# Travel Journal:



## DuckRunner (Aug 24, 2017)

*Hi,
I might be a bit inactive for a few days, we were traveling in a van for four hours to Tehran. We are in Tehran now, and pics will come later *


----------



## robin416 (Sep 8, 2013)

Travel safe and just so you feel secure about posting pics, please do. The more the merrier.


----------



## DuckRunner (Aug 24, 2017)

Hi,
I'm back. Got new internet (it's not unlimited here) and here are the pics!


----------



## DuckRunner (Aug 24, 2017)

Weird statue on the cupboard








Sofa








Kitchen








TV
And our neighbours (live downstairs) have this cute little cockatiel!


----------



## chickenqueen (Jan 9, 2016)

It looks nice and sunny.I like that statue,it's pretty neat.How long are you staying?


----------



## DuckRunner (Aug 24, 2017)

chickenqueen said:


> It looks nice and sunny.I like that statue,it's pretty neat.How long are you staying?

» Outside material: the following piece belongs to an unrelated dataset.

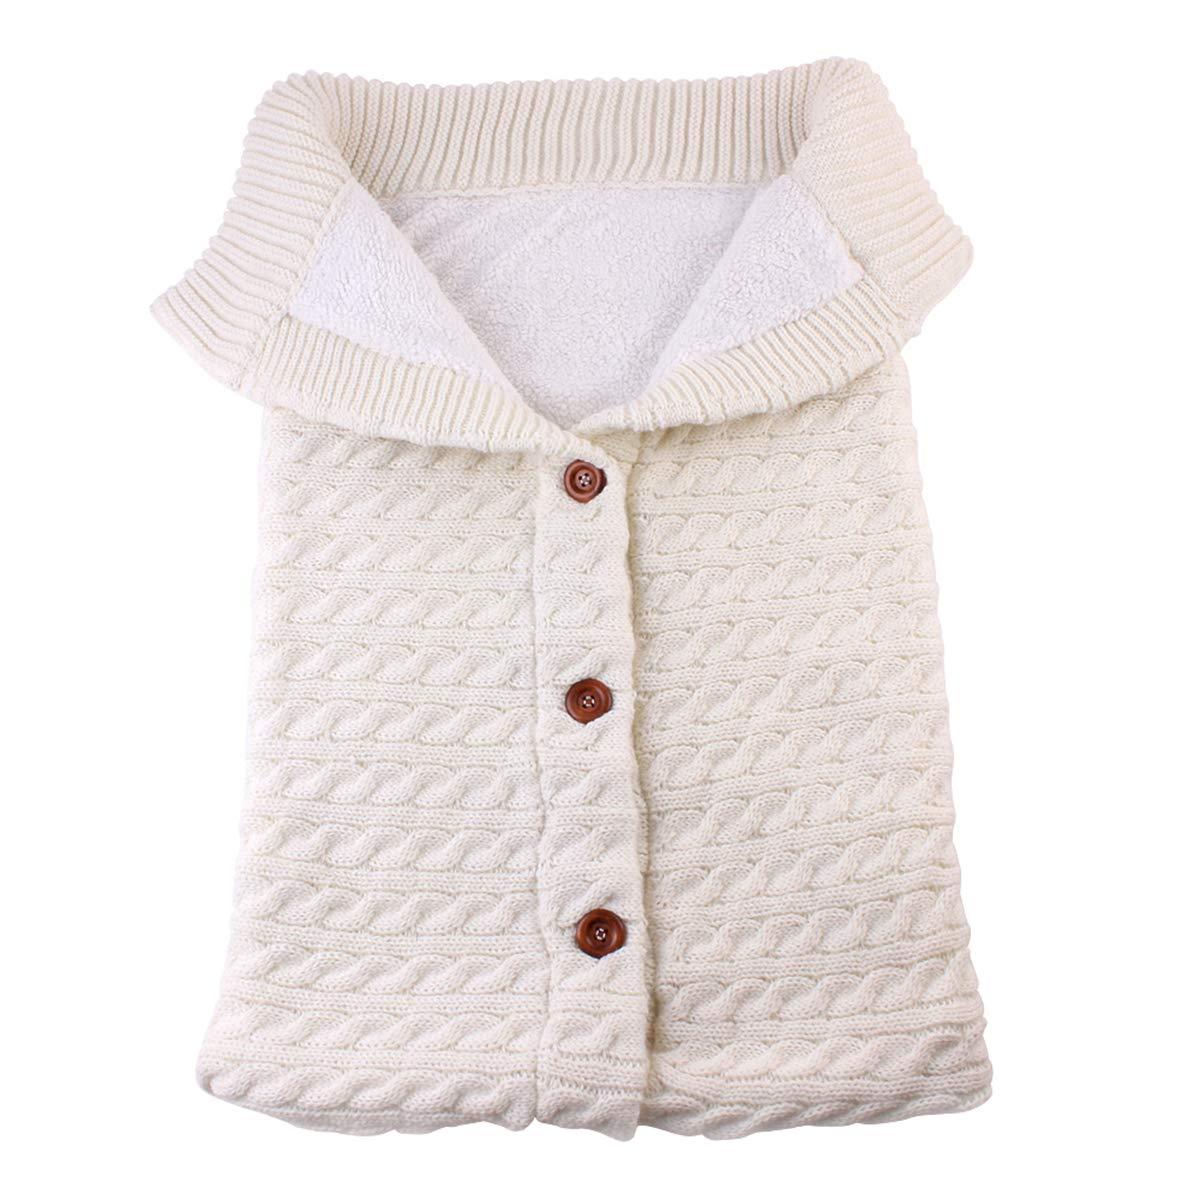 Newborn Baby Swaddle Blanket Stroller Wrap Plus Velvet, Yinuoday Baby Kids Toddler Thick Knit Soft Warm Fleece Blanket Swaddle Sleeping Bag Sleep Sack Stroller for Boys and Girls (Beige)

Aw thank you. Less than one week, seven days perhaps? Then we will go on the plane to turkey.


----------



## chickenqueen (Jan 9, 2016)

What are the temperatures like in Tehran?Take some pictures,I don't know much about Tehran and now I'm curious......


----------



## seminole wind (Aug 22, 2015)

Where in Turkey? I lived there for 4 years.


----------



## Wilbur's Mom (Aug 10, 2017)

what a pretty statue! Love the bird too! Hope you have a great trip!


----------